→ **WHAT IS REQUIRED**
Retype the lines of the listing below exactly, but only those from the one containing "Tapis moelleux à" through the last line; pictures stay out.

→ **EXERCISE DATA**
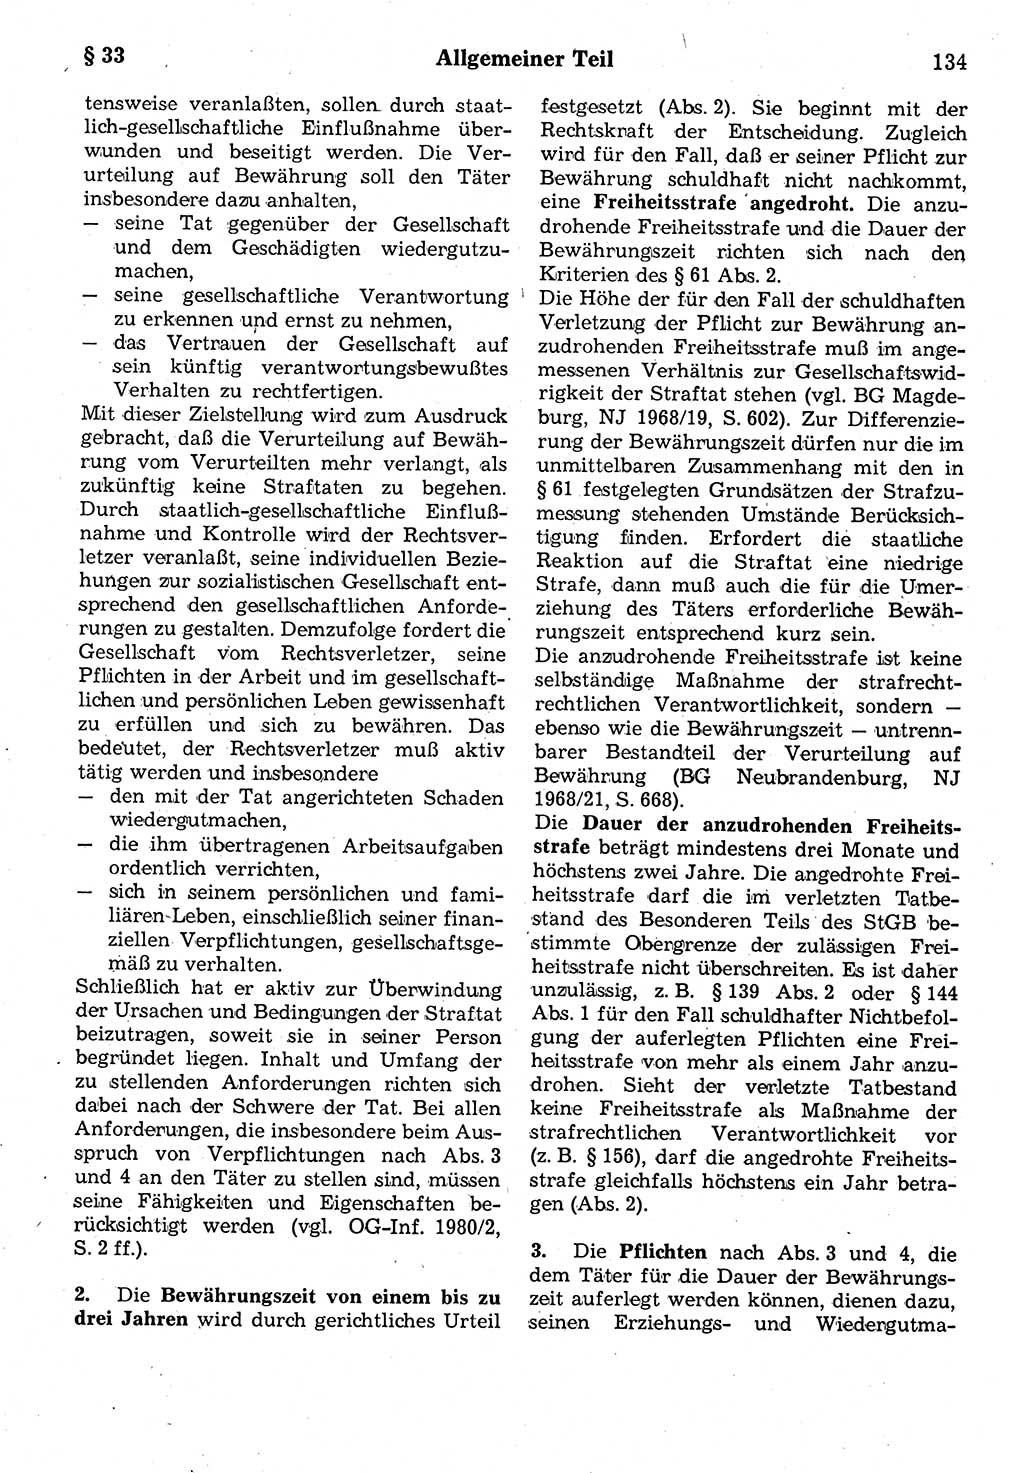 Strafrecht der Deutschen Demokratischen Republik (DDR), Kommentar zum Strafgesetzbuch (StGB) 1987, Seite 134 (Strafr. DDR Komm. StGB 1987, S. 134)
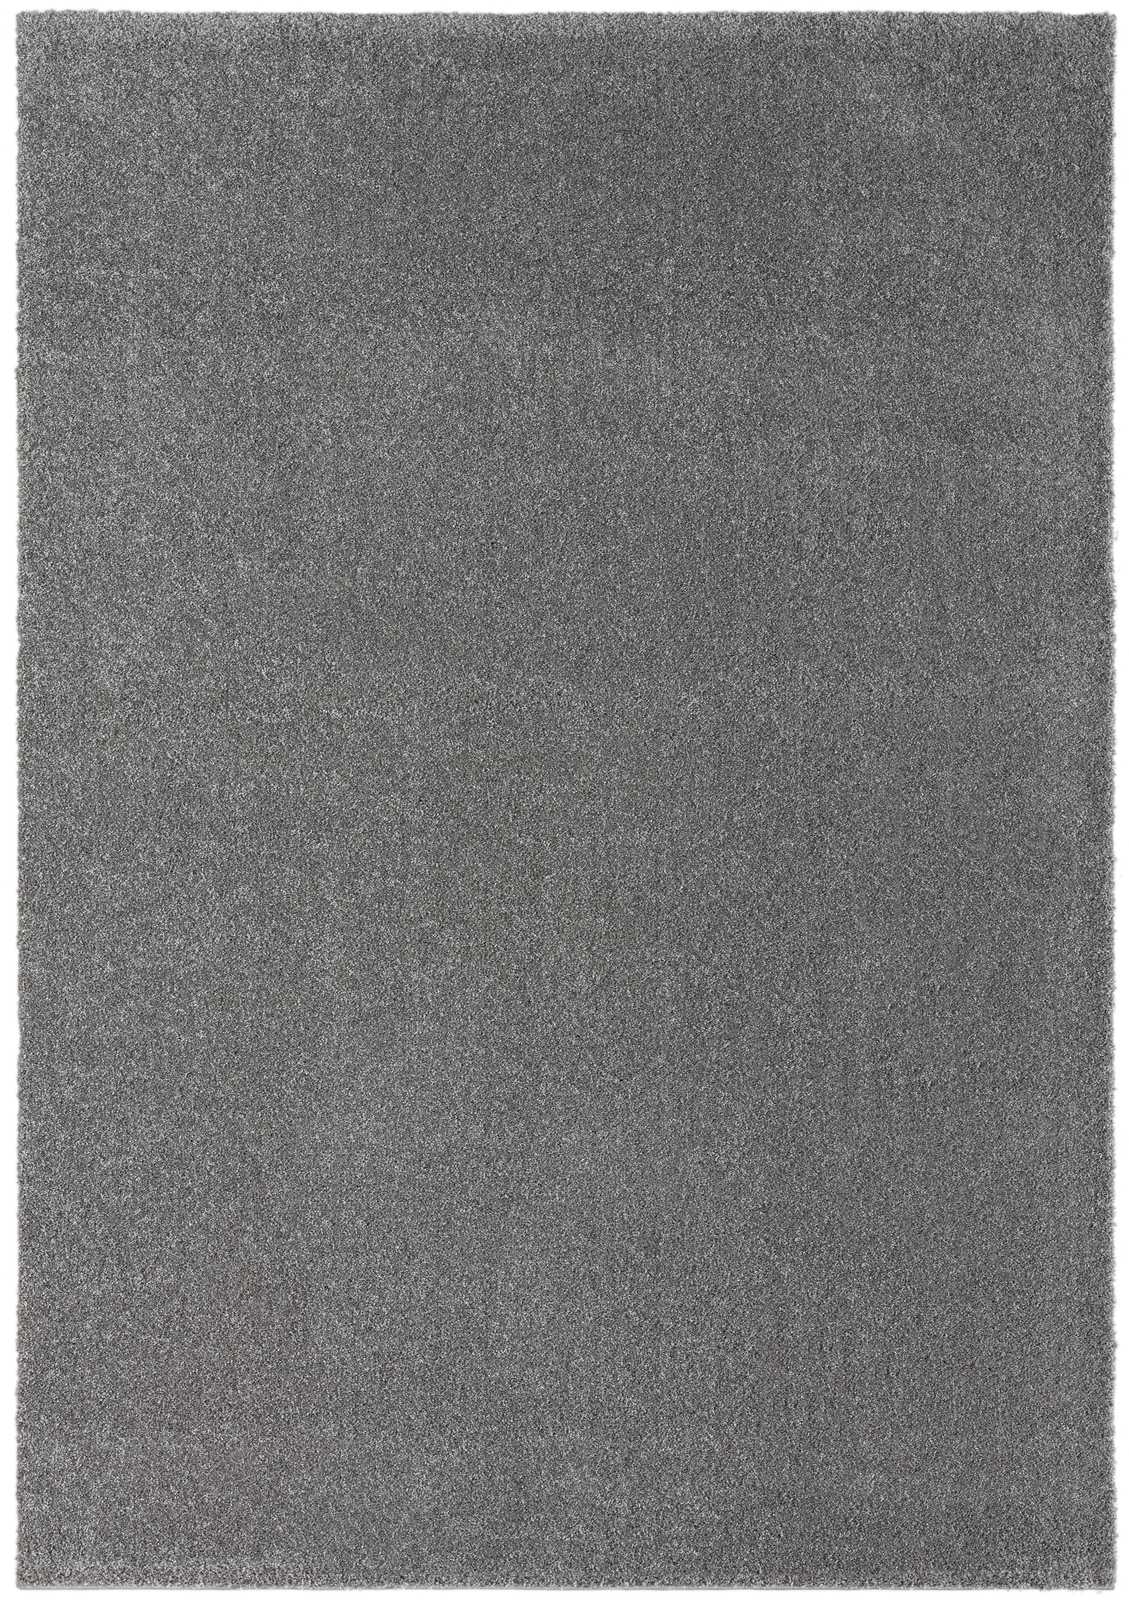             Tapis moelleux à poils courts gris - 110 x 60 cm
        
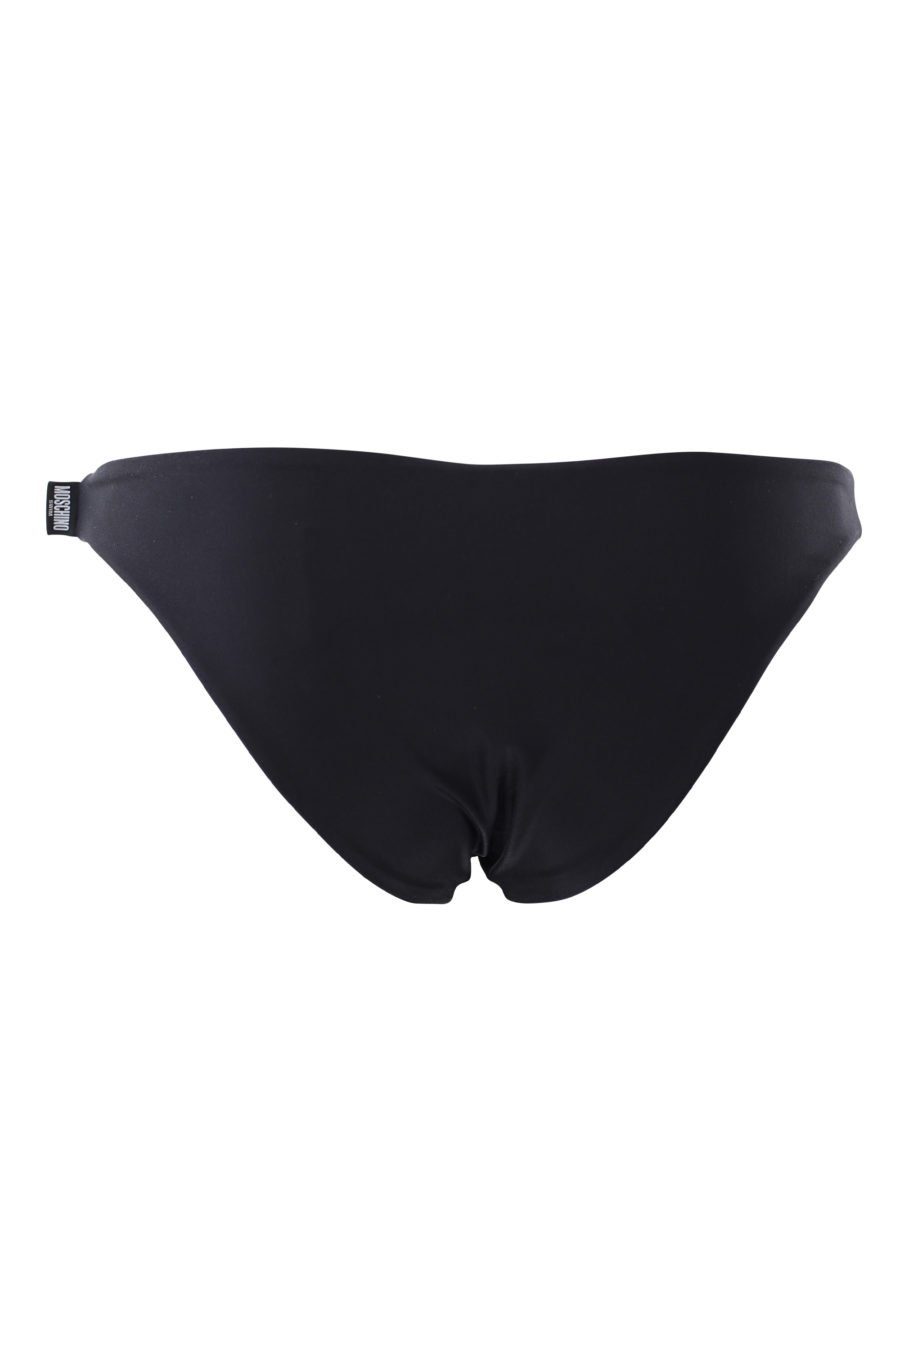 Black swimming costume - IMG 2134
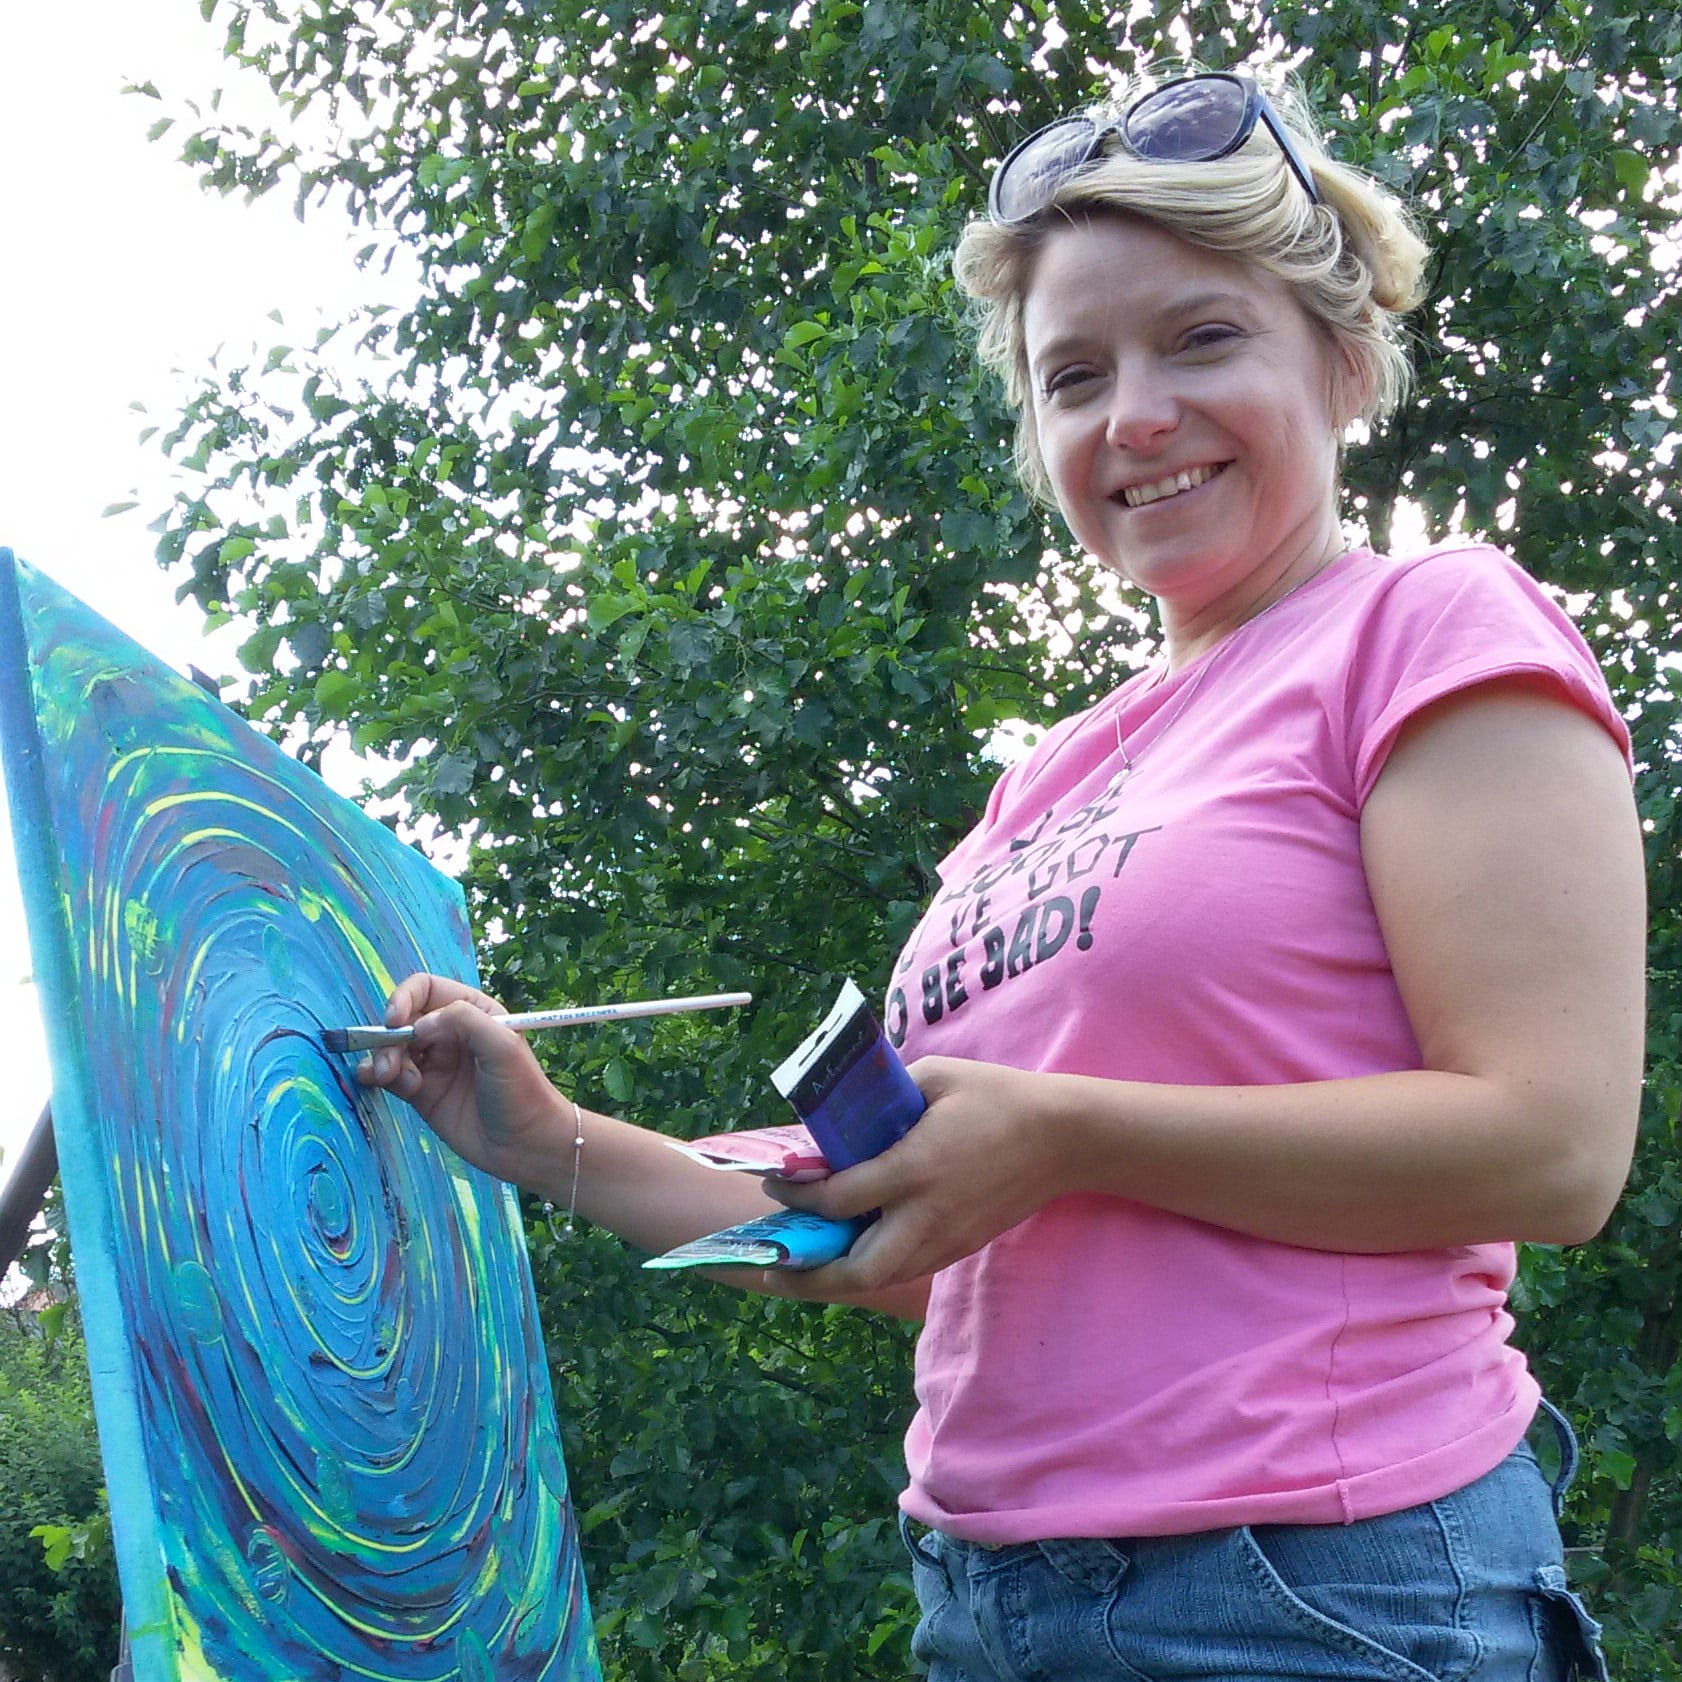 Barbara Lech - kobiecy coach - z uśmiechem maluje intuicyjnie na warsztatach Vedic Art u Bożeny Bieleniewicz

→ **RESPONSE TO THIS EXERCISE**
             Tapis moelleux à poils courts gris - 110 x 60 cm
        
 Black swimming costume - IMG 2134
 Barbara Lech - kobiecy coach - z uśmiechem maluje intuicyjnie na warsztatach Vedic Art u Bożeny Bieleniewicz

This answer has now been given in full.